Maura berusaha membawa Dinda kembali ke kelas. Tapi ia menolak, ia hanya ingin di taman belakang seperti biasa.
Maura duduk di samping Dinda, menanyakan seluk beluk kenapa Dinda menjadi seperti ini. Dinda tak berucap, bibirnya masih penuh isakkan.
"Gue judes, tapi gue masih punya hati" Maura memeluk sahabatnya. Disitulah, tangis Dinda justru semakin keras.
Seorang pria menatap dari kejauhan, ia menyeringai penuh kemenangan.
"Heh, lo. Dinda kenapa???! " suara berat itu tampak sangat mengkhawatirkan keadaan Dinda.
"Apa urusan lo?! Udah lo pergi aja udah ada gue! " Maura membalas keras. Dinda yang kebingungan segera menatap wajah dari pemilik si suara berat.
"Kaak Alle? Eh.." tangan kekar itu sudah mengusap pipinya yang basah. Matanya benar sembab. Seperti sudah tidak ada semangat lagi yang timbul.

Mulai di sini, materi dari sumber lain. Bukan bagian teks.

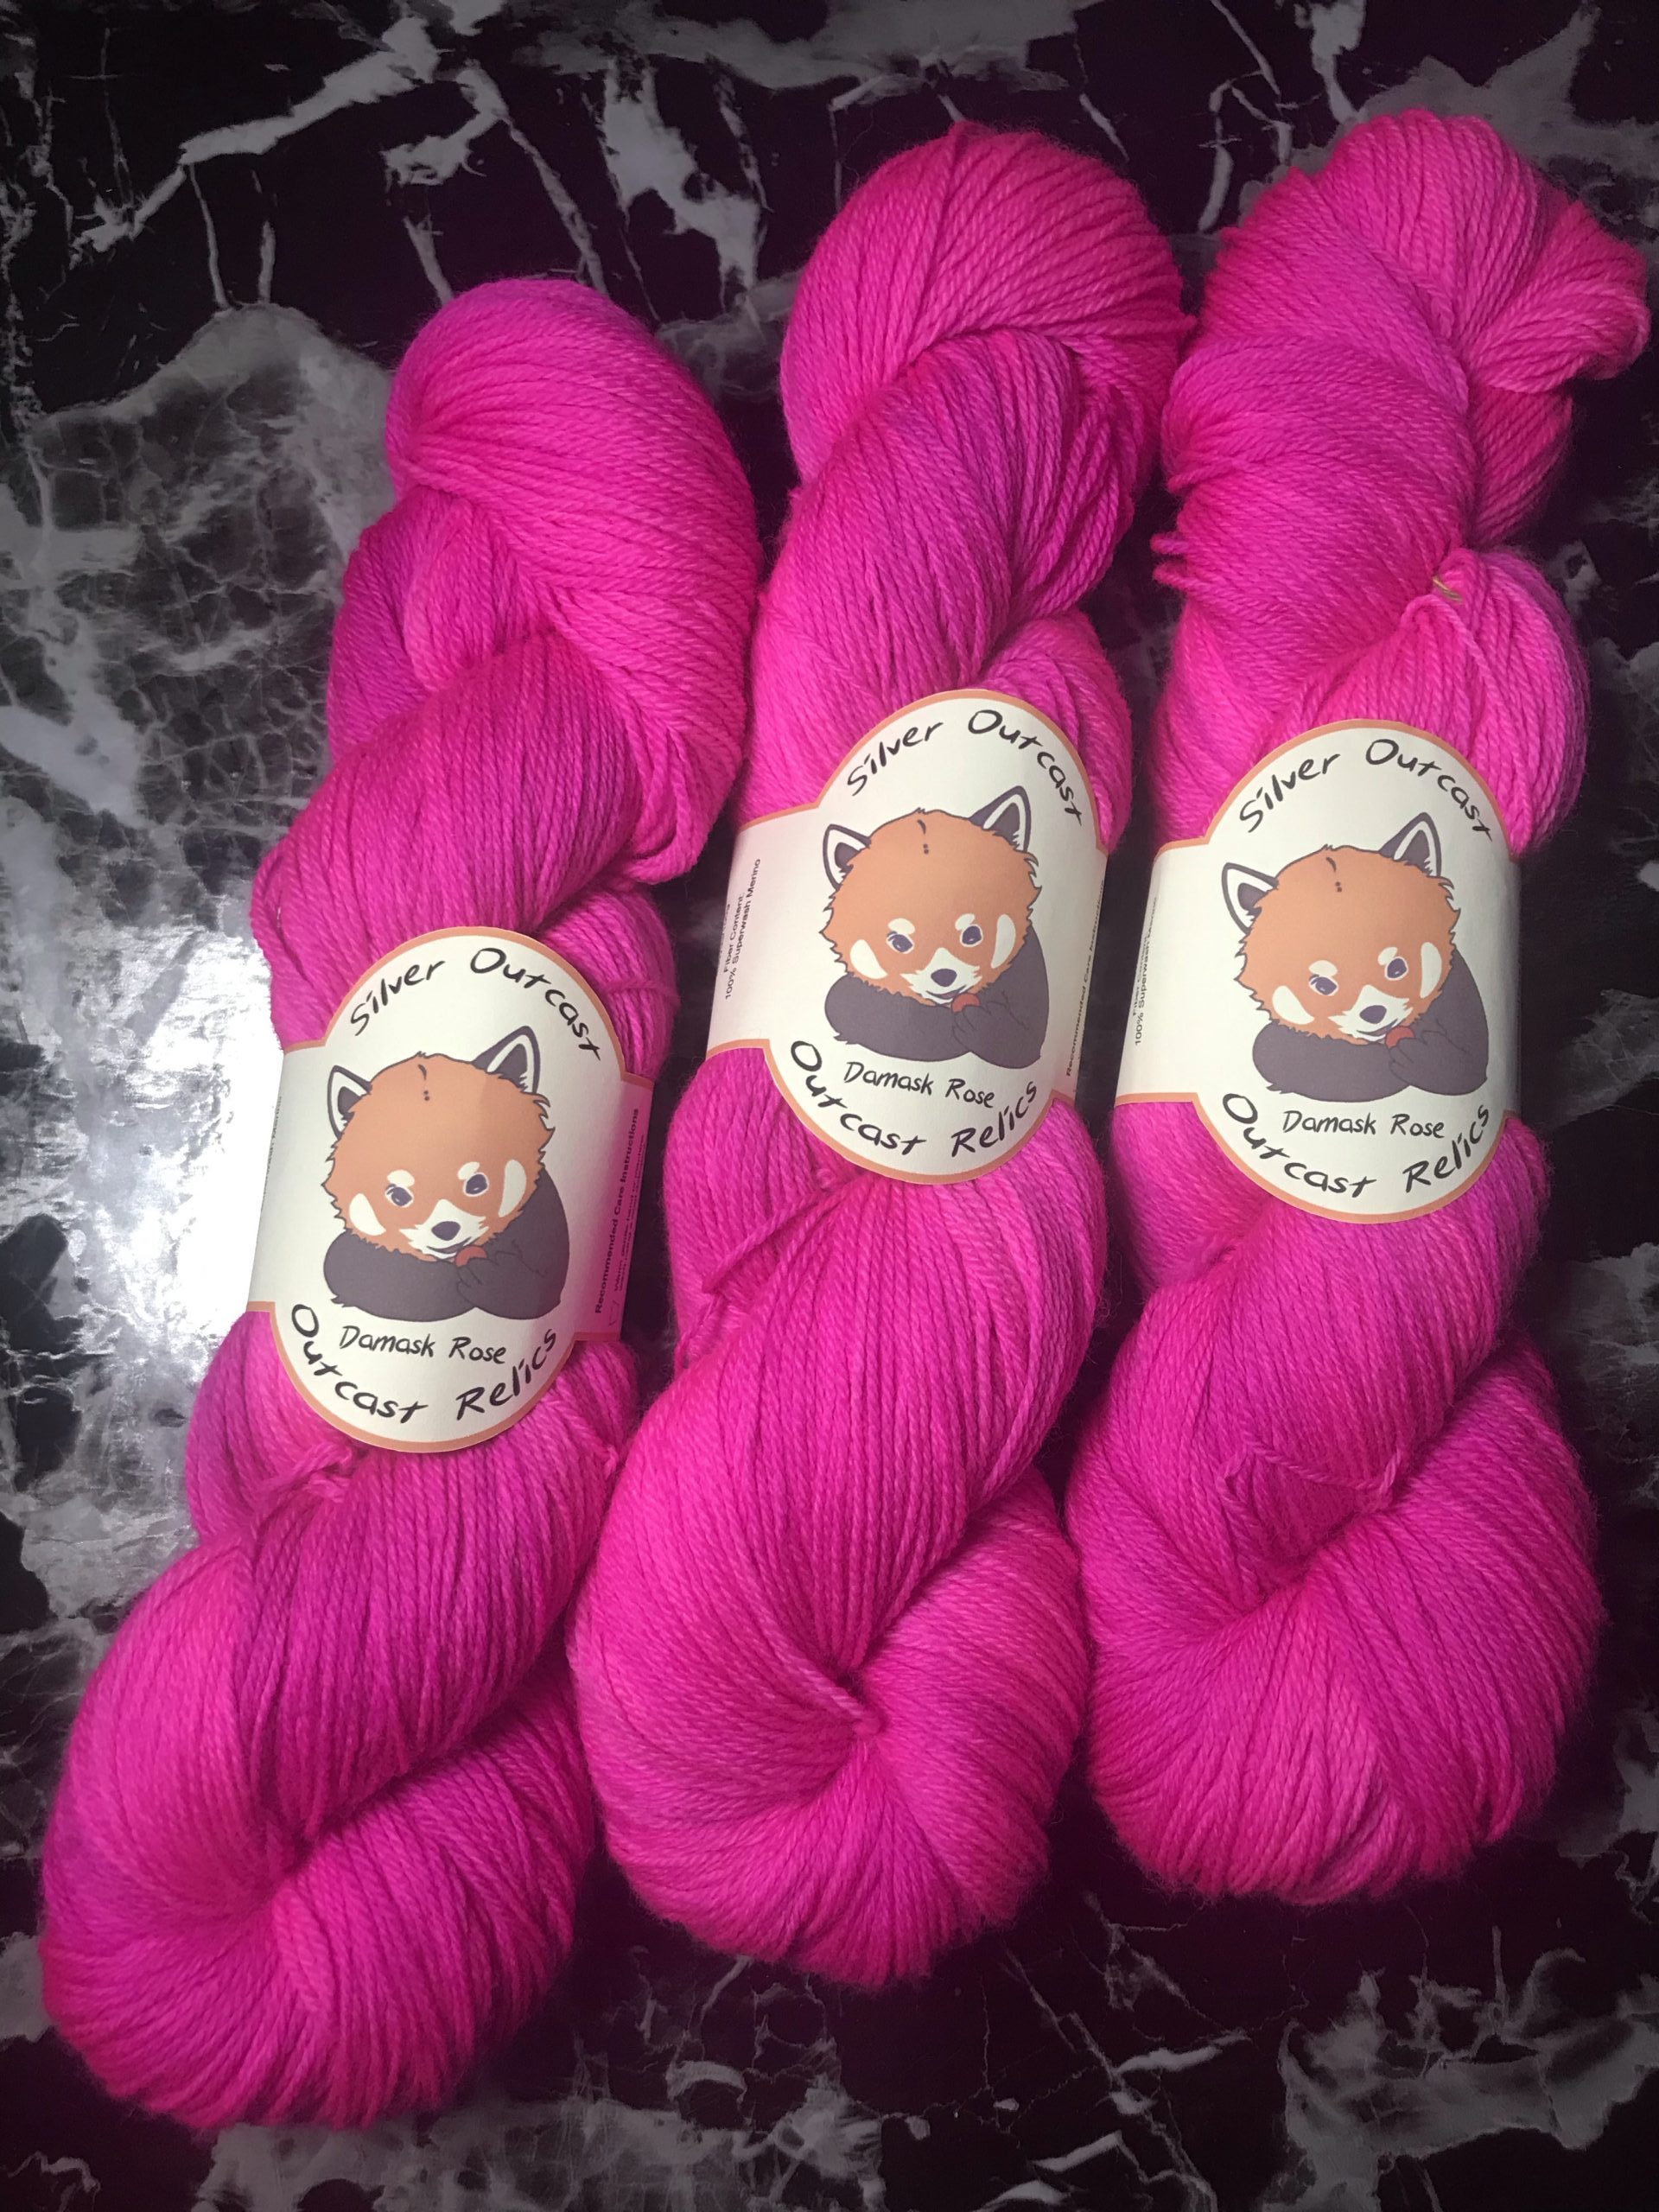 Baby Pink Shepherd's Wool Worsted Weight Yarn

"Lepasin tangan lo dari sahabat gue!! " Maura menepis tangan itu kasar. "Dan lo! Gausah deket - deket sama Dinda lagi!" lanjutnya.
"Dinda, lo pulang aja yok. Keadaan lo lagi gabaik. Ntar malah lo sakit gimana? Yok gue anterin ntar gue juga yang bilang sama BK " Alle menghiraukan ucapan Maura. Dinda hanya menatap nanar bola mata Alle yang seakan benar memohon.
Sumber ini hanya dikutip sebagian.